What you have to do
Although the records contain pictures, the copy must not; reproduce everything else in them exactly.

Exercise material START

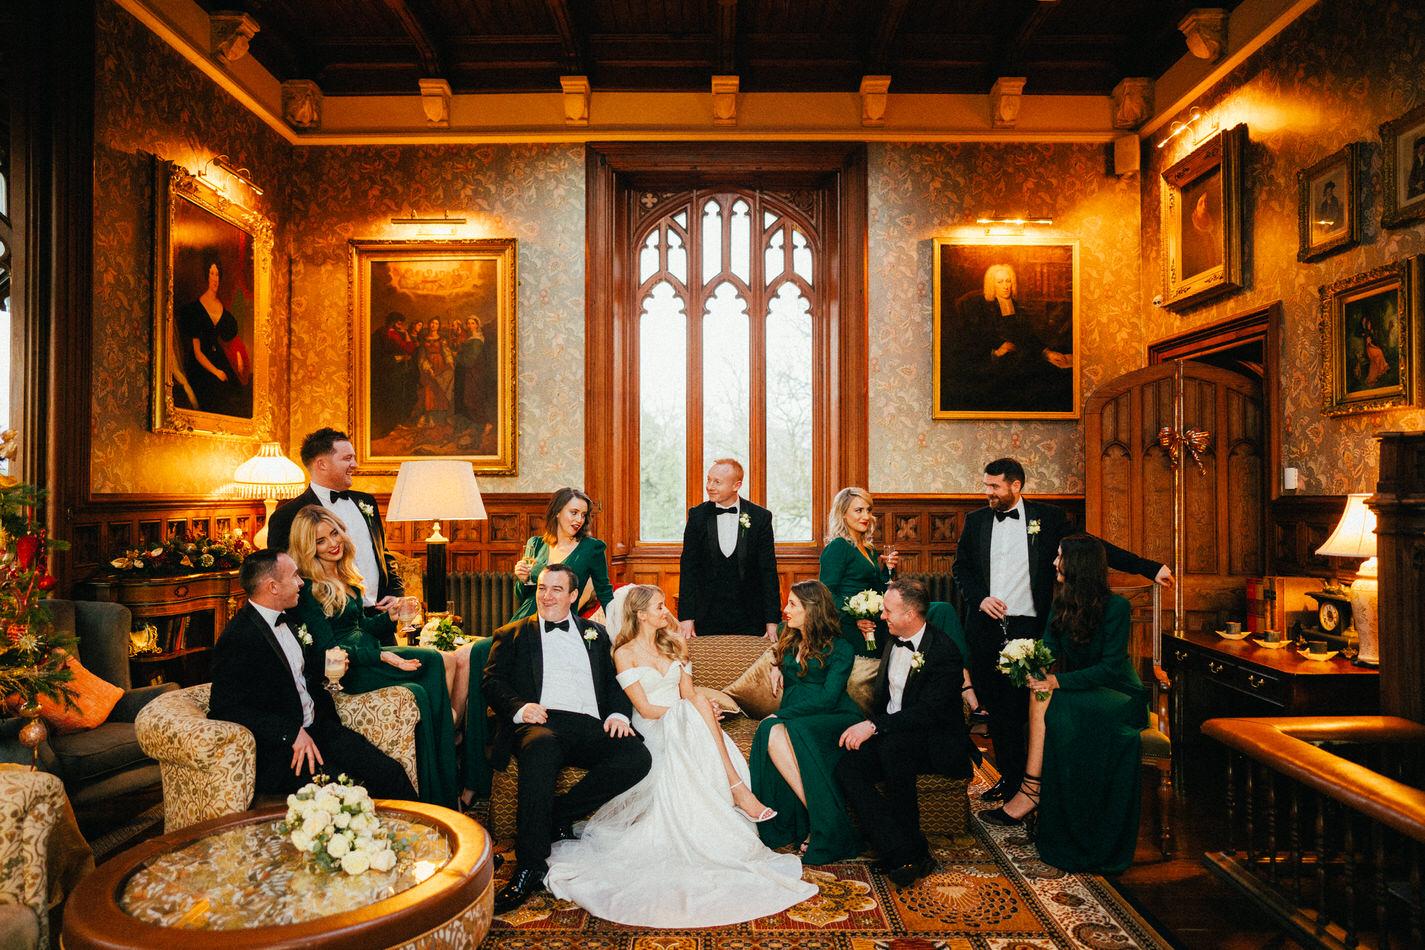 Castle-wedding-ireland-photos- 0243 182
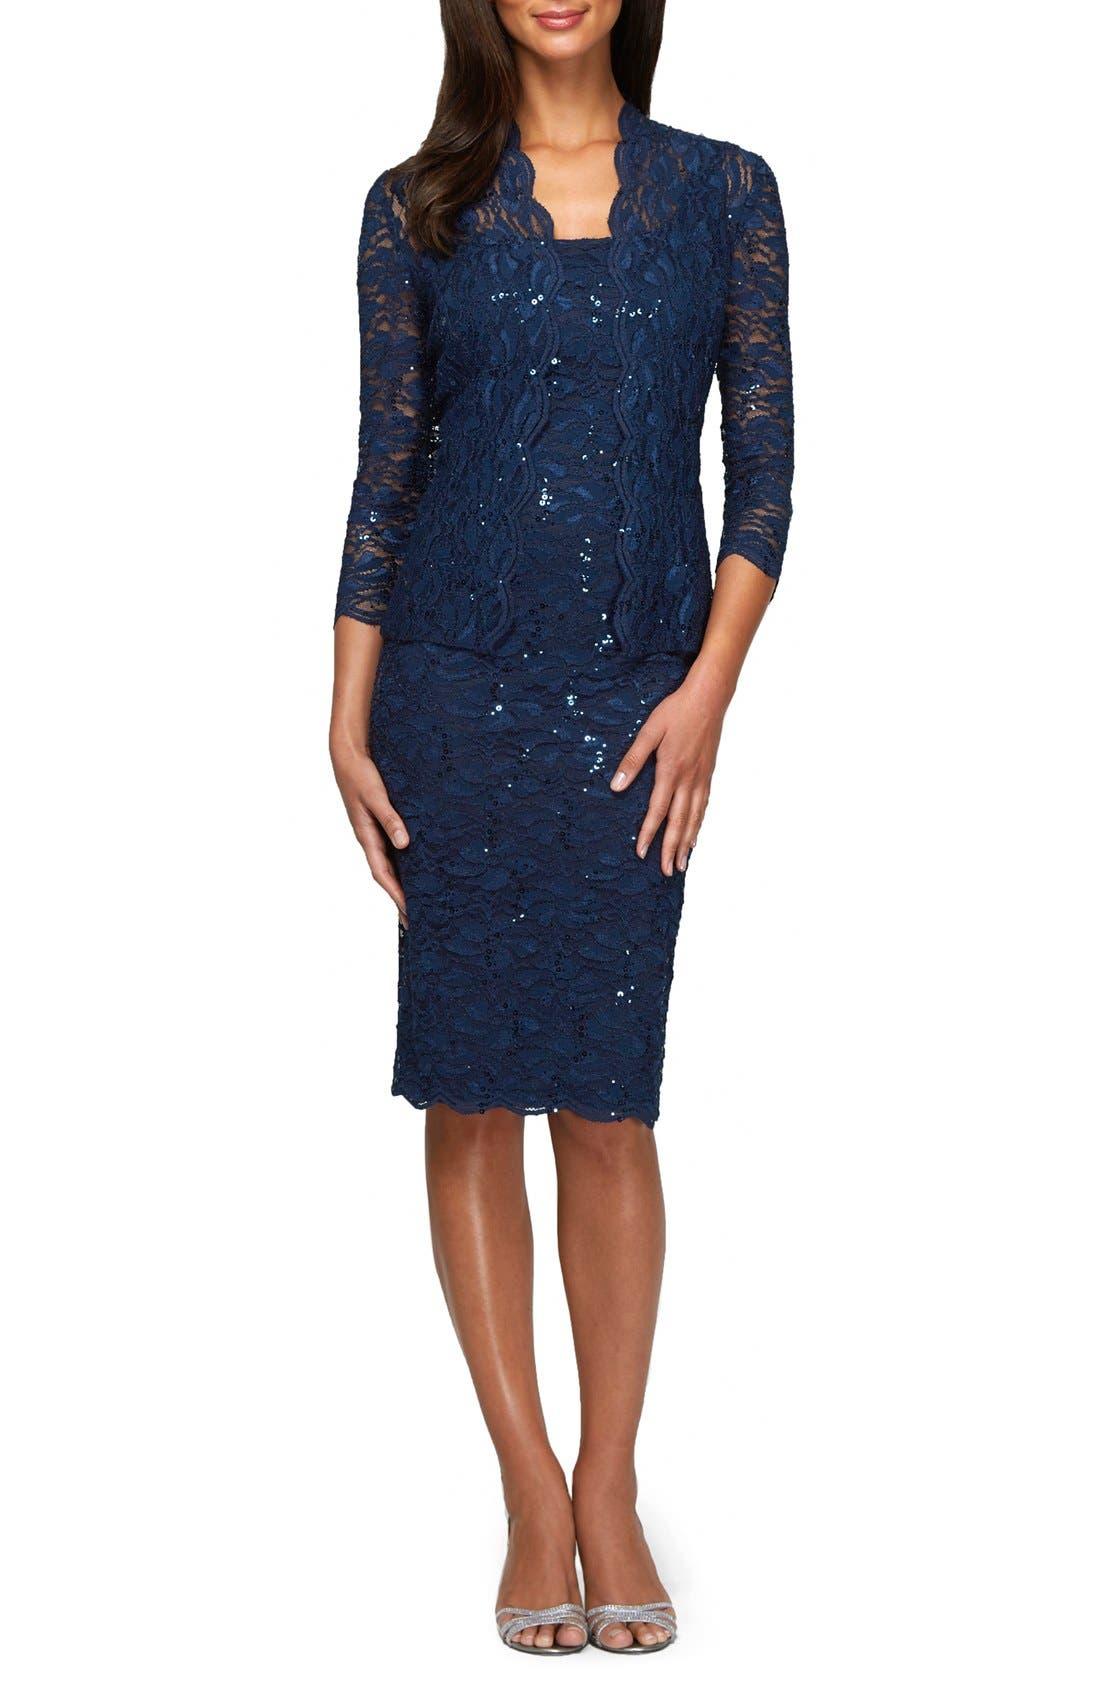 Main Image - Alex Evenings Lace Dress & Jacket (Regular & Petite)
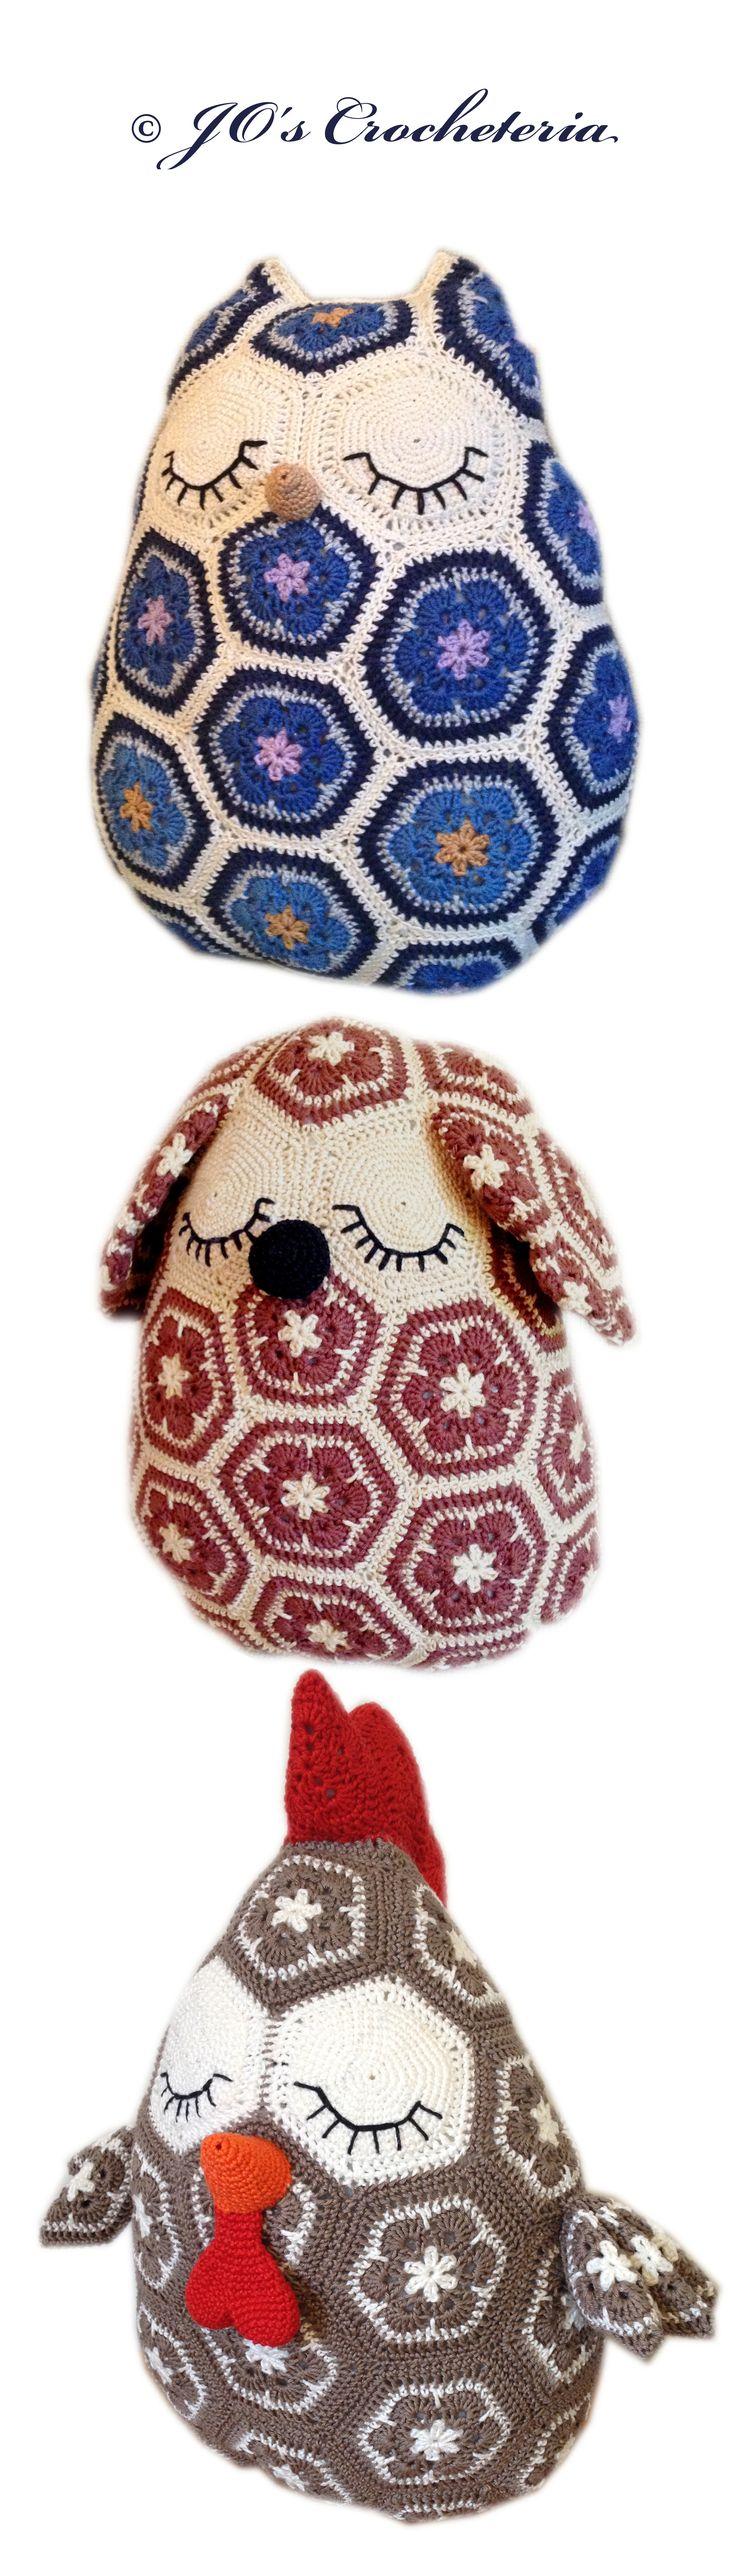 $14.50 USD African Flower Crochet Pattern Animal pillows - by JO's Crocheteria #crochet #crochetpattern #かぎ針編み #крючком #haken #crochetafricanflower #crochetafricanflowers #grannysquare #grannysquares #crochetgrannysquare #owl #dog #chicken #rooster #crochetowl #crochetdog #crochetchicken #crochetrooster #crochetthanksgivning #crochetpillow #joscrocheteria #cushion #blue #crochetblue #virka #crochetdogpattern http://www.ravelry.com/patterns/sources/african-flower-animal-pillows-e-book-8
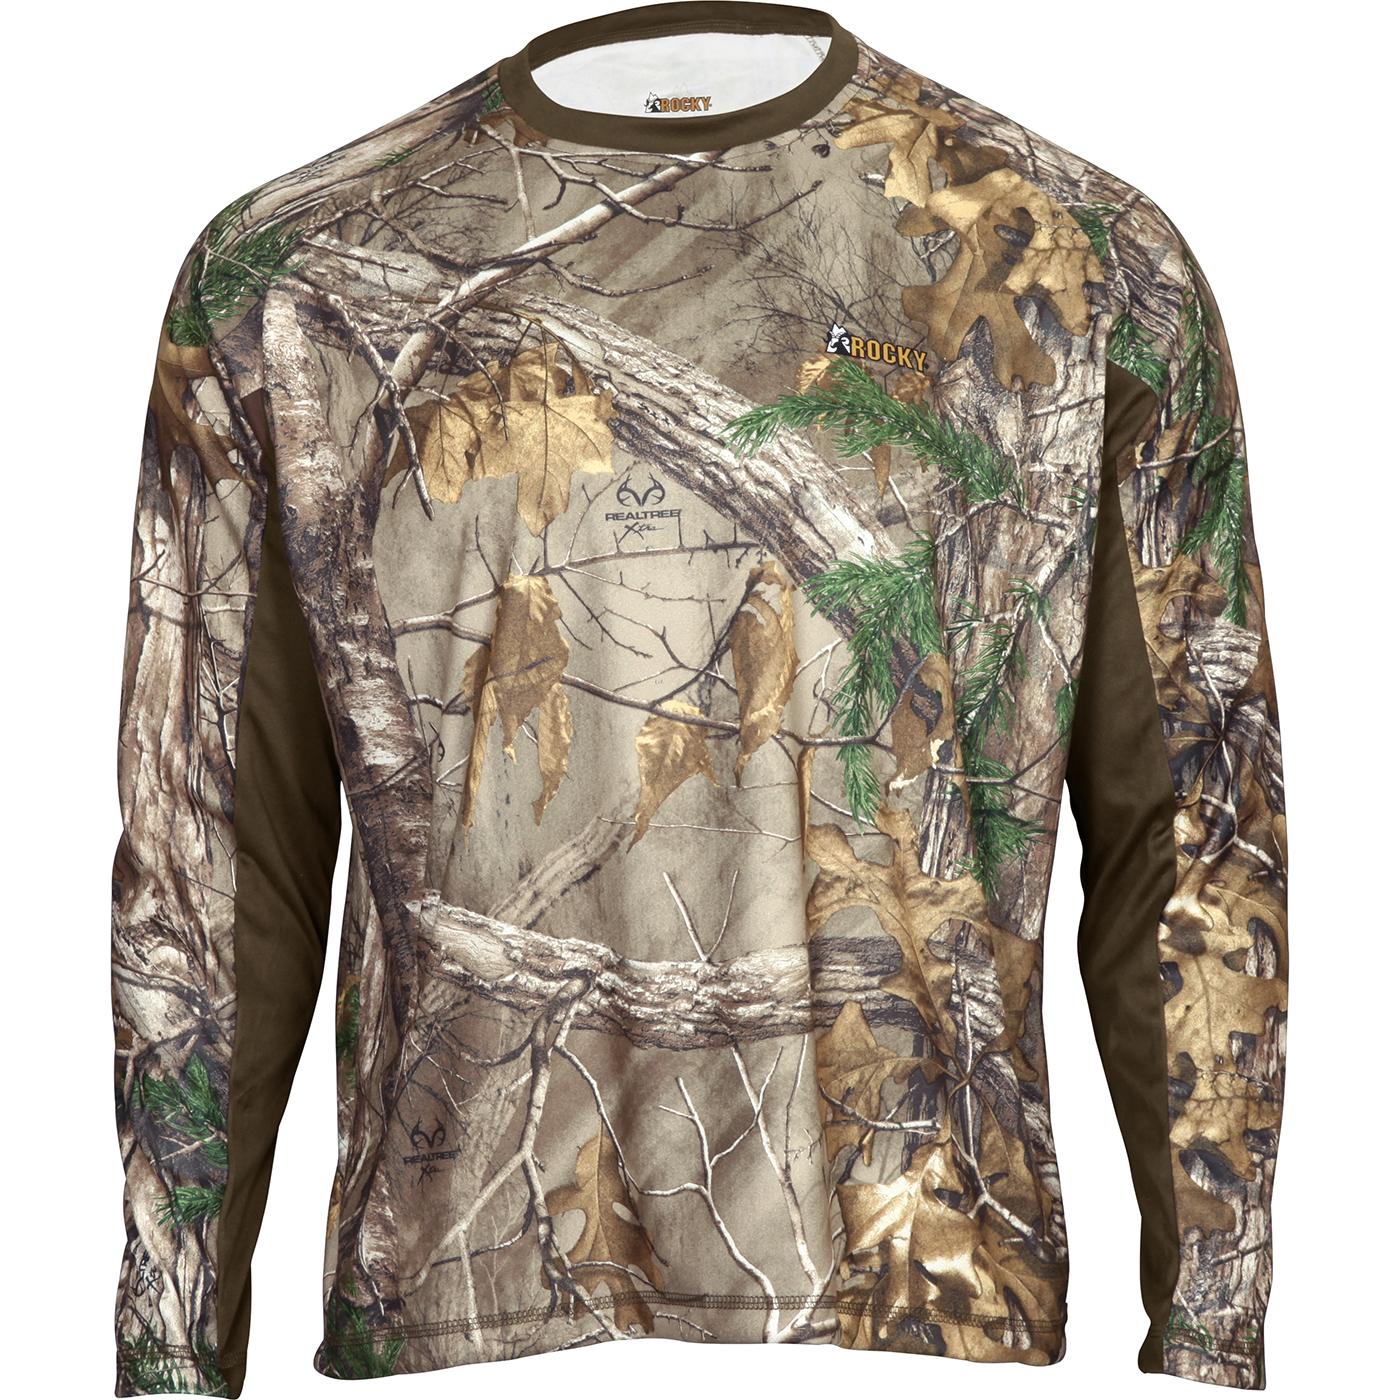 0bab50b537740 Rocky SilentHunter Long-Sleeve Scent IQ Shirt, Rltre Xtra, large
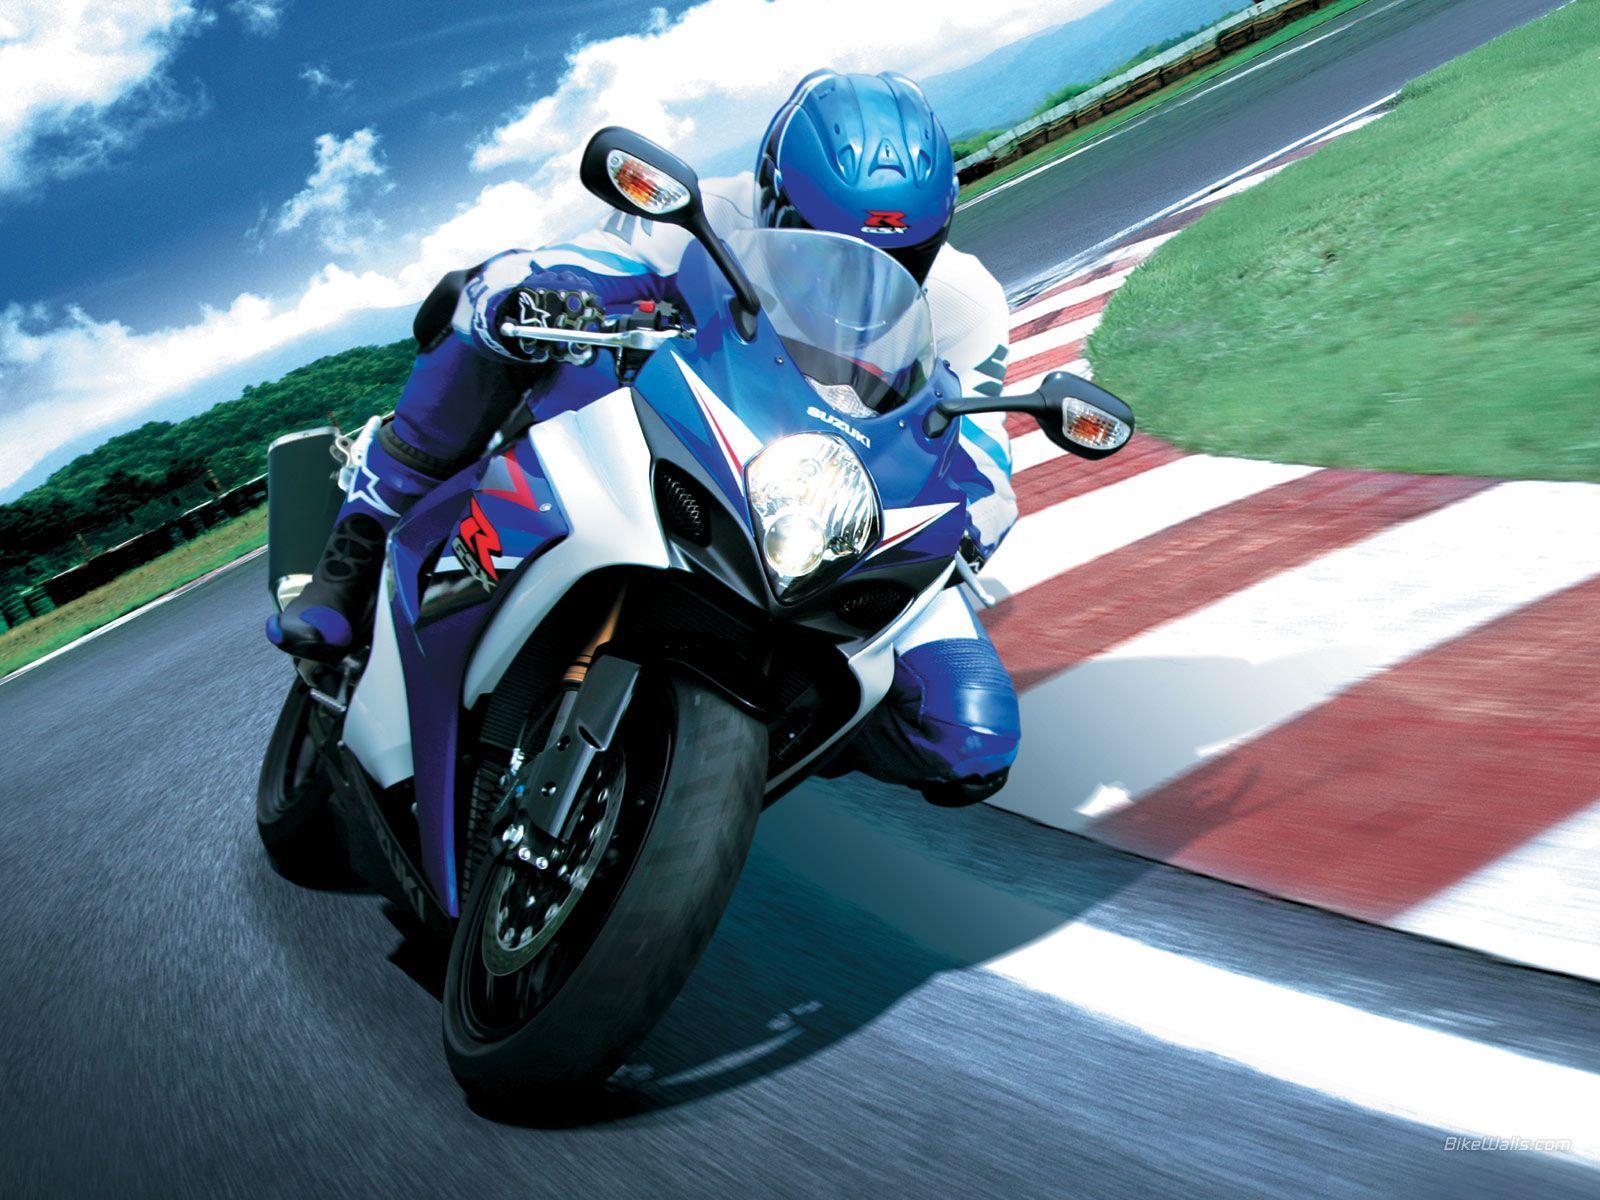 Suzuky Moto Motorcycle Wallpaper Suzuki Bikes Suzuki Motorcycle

Exercise material END

Answer for the task
 Castle-wedding-ireland-photos- 0243 182
 Main Image - Alex Evenings Lace Dress & Jacket (Regular & Petite)
 $14.50 USD African Flower Crochet Pattern Animal pillows - by JO's Crocheteria #crochet #crochetpattern #かぎ針編み #крючком #haken #crochetafricanflower #crochetafricanflowers #grannysquare #grannysquares #crochetgrannysquare #owl #dog #chicken #rooster #crochetowl #crochetdog #crochetchicken #crochetrooster #crochetthanksgivning #crochetpillow #joscrocheteria #cushion #blue #crochetblue #virka #crochetdogpattern http://www.ravelry.com/patterns/sources/african-flower-animal-pillows-e-book-8
 0bab50b537740 Rocky SilentHunter Long-Sleeve Scent IQ Shirt, Rltre Xtra, large
 Suzuky Moto Motorcycle Wallpaper Suzuki Bikes Suzuki Motorcycle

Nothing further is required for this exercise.